January 15, 2021 at 11:12 am EST | by Lisa Wise
The Business of Managing a DC Business During a Coup
coup, gay news, Washington Blade
U.S. Capitol (Washington Blade photo by Michael K. Lavers)

On January 6th, in the span of ten minutes, I was asked by my 8-year-old son what a gas mask is used for. I intended to give him my full attention but I was distracted by whether and when to pull my property management team from the field as I observed protesters scaling the US Capitol Building live on CNN. This is life, leadership and parenting in a pandemic. During a coup.

Flock DC, our family of companies, tends to thousands of homes in the District. Managing home is an essential service during this time. It always has been and always will be. But operating a District business today offers myriad complexities as the political landscape shifts and very real threats to people and property unfold.
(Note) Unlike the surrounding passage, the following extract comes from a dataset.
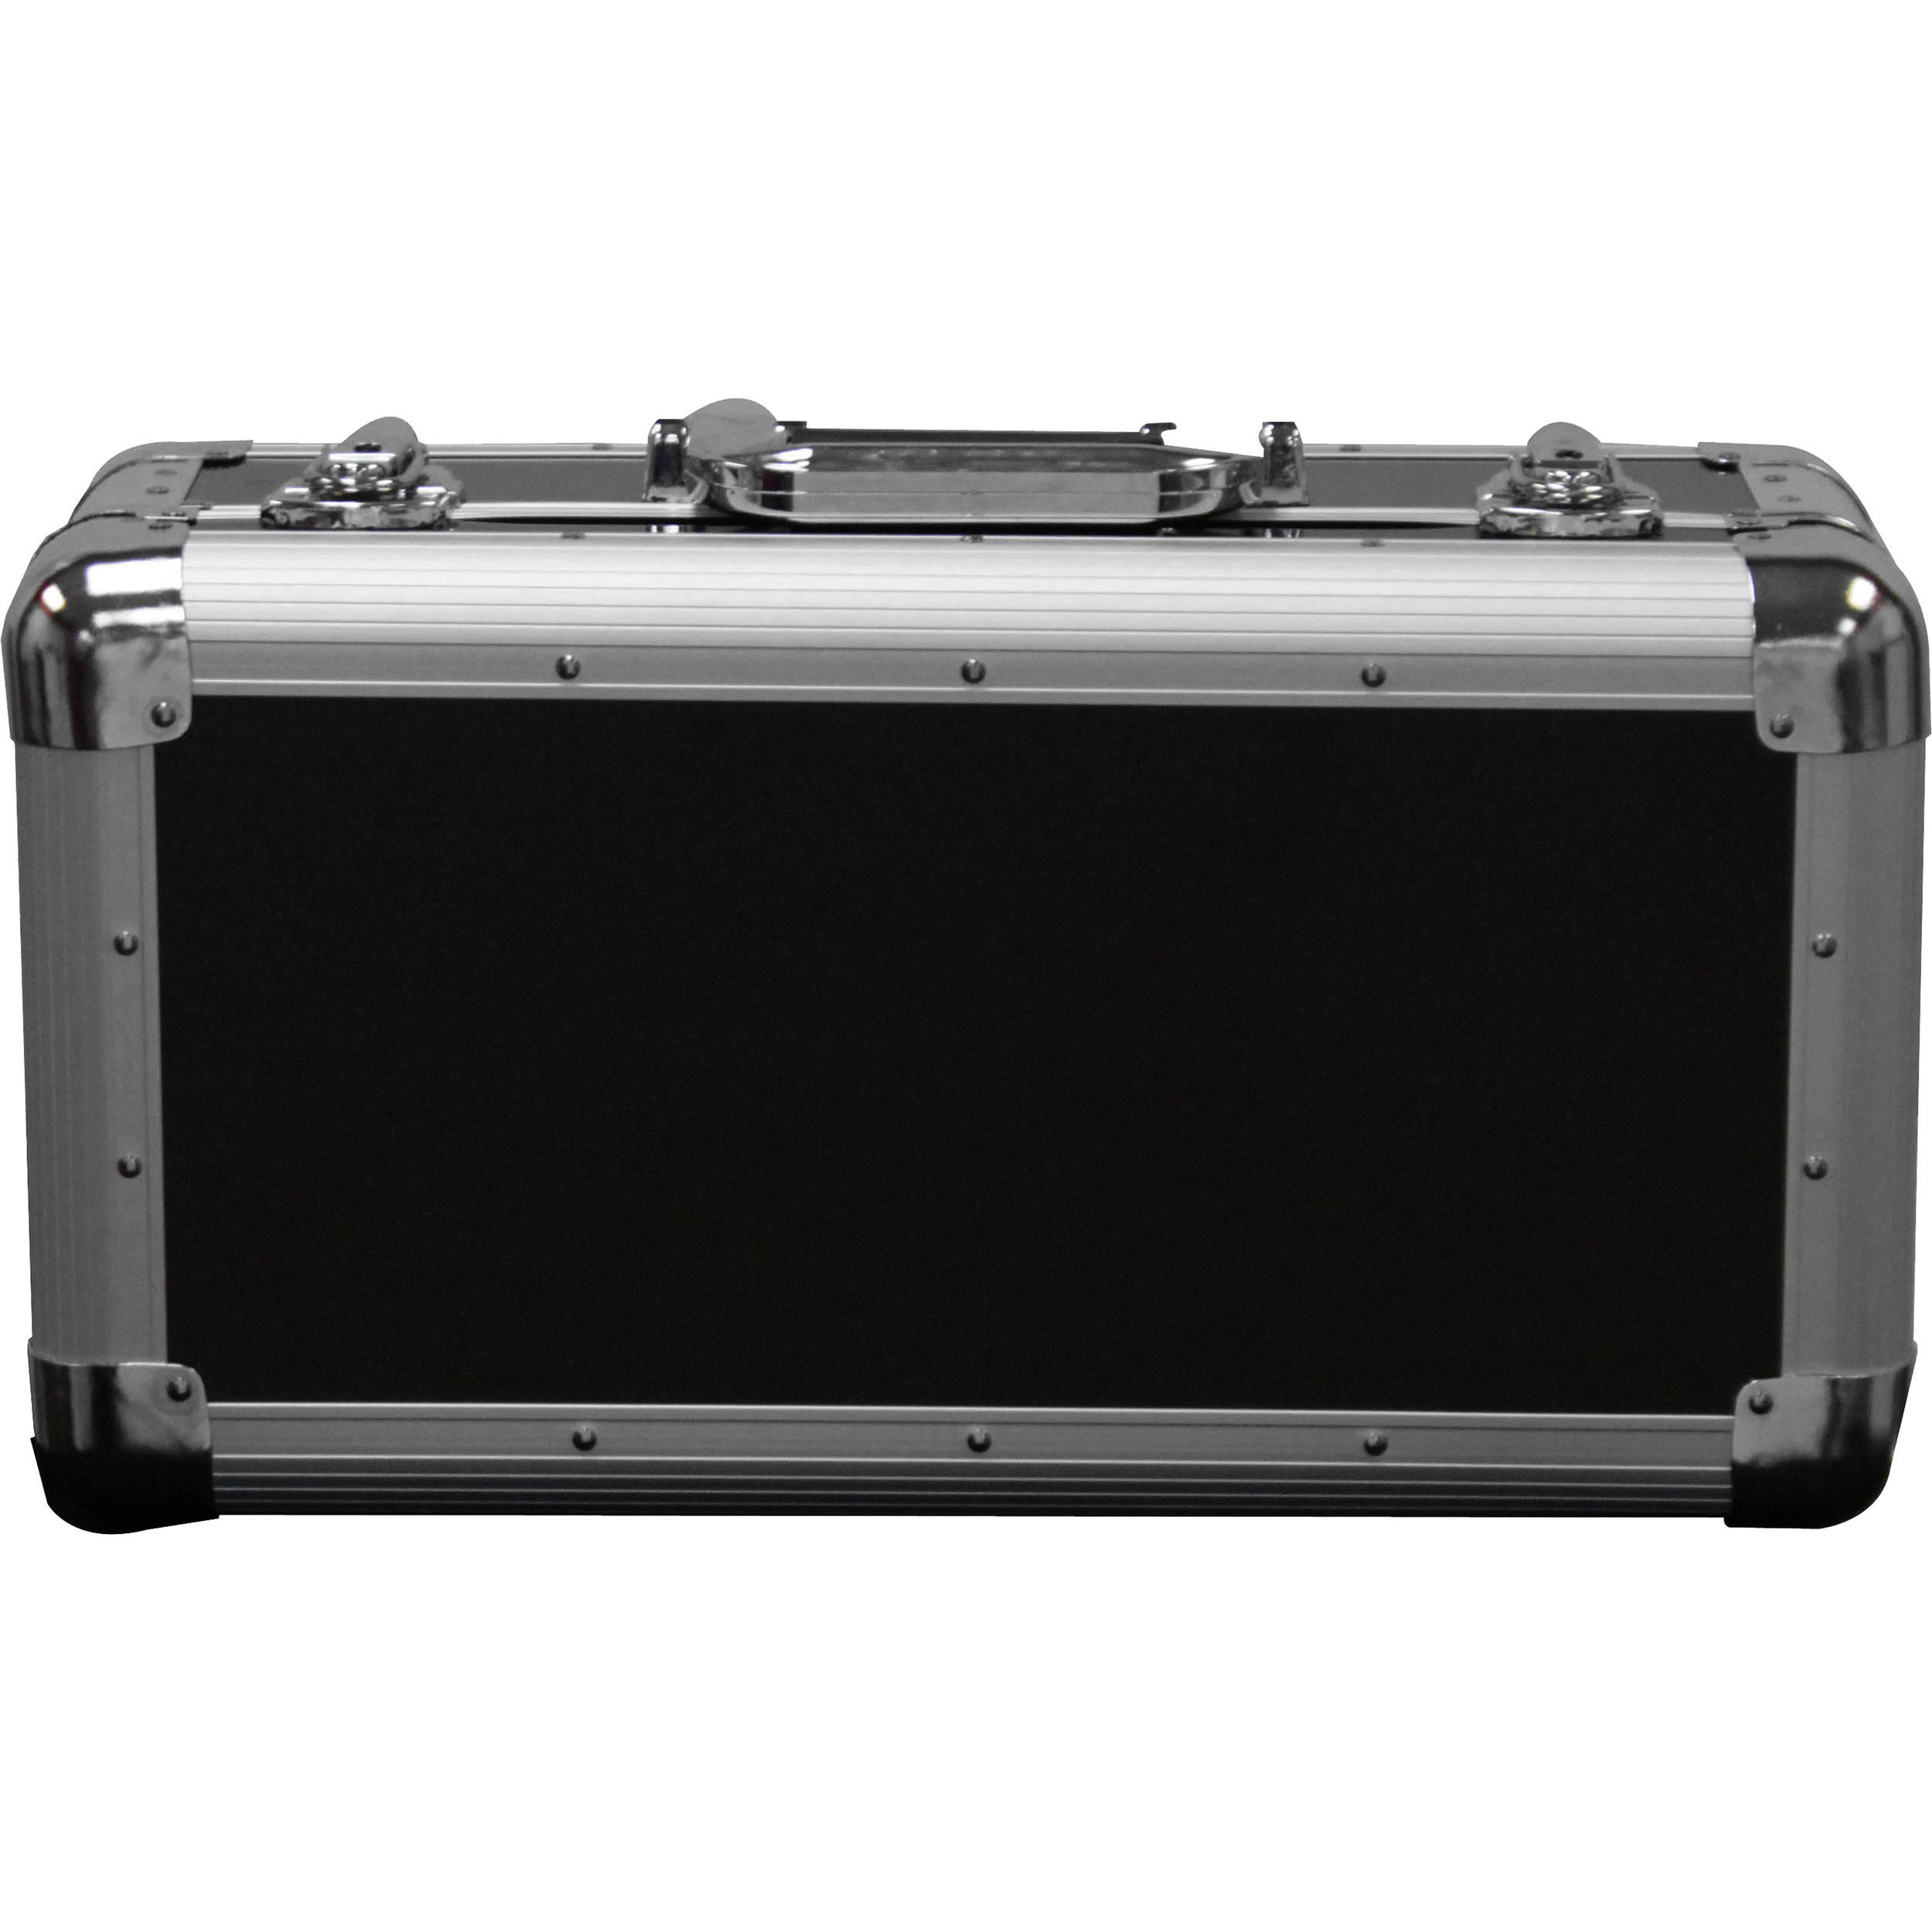 Odyssey KCD200BLK Black Krom Case For 200 View Packs

And so, perched in our DC row homes, our leadership teams learned quickly to prepare for just about anything. The pandemic taught us how to pivot. The protests, elections and the recent coup taught us that planning ahead is everything. I was asked on the 7th if the 6th came as a surprise. Certainly not, I thought. Ahead of the presidential elections, we studied the very real possibility of civil war at worst and increased unrest at best. We anticipated the protesters ahead of the 6th and planned our field activities to avoid any work near or around the Capitol Building and White House. We alerted our residents that access to services may be disrupted, and advised them to stay in and stay safe from the anticipated tension the protests would bring.  We’ve trained our teams to act quickly when they feel threatened and to retreat quickly and without hesitation – whether the threat be proximity to the unmasked during a pandemic or a pipe bomb. But even with best-laid plans, and the eyes-wide-open approach to the current realities of the world, my leadership team and I were still in shock when what we’d planned for unfolded before our very eyes. We might all feel better and more prepared with a parachute strapped to our backs, but nobody wants to pull the cord. We’ve had our hands squeezing that cord for a solid 10 months and we’re not letting it go anytime soon.

Crisis management is squarely in our wheelhouse as a company that handles real time escalations all day every day. Problem solving is our business. But the external threats the political and public health landscapes have delivered in the last ten months have tested even the most sophisticated leaders among us. In 2020, it became commonplace to be in almost constant conversation about the pros and cons of boarding up street level properties in response to, or anticipation of, a disruptive and potentially violent event. And one of those “events” was election day. To think, Washington, DC, the host city of democracy, had business leaders scrambling to protect its citizens and streets in anticipation of folks exercising their right to vote. Living and working in Washington comes with baked in low level (at best) anxiety about the threat of terrorism. We’re all keenly aware that the District will always be a target, but logically didn’t assume domestic terrorism would be the actualized threat. But here we are. And doing business in a city that is stateless complicates things for government leaders who lack full agency in governing people and place with the full suite of services afforded any other state.

To live through the reality that calling on national guard wasn’t a right afforded to our own Muriel Bowser as Mayor illustrates a substantial gap in the right to representation for some. That some includes our residents and our business. Yet we’re operating in a city that is more vulnerable than most and as the Capitol Police tuck their tail between their legs, the balance of the city wonders aloud what the solution is while we simultaneously plan for whatever imminent threat lies around the corner. And such is life and leadership in 2020 2.0 in Washington, DC.

Lisa Wise is the founder/CEO of Flock DC. She lives in Washington, DC with her wife and their son Beckett.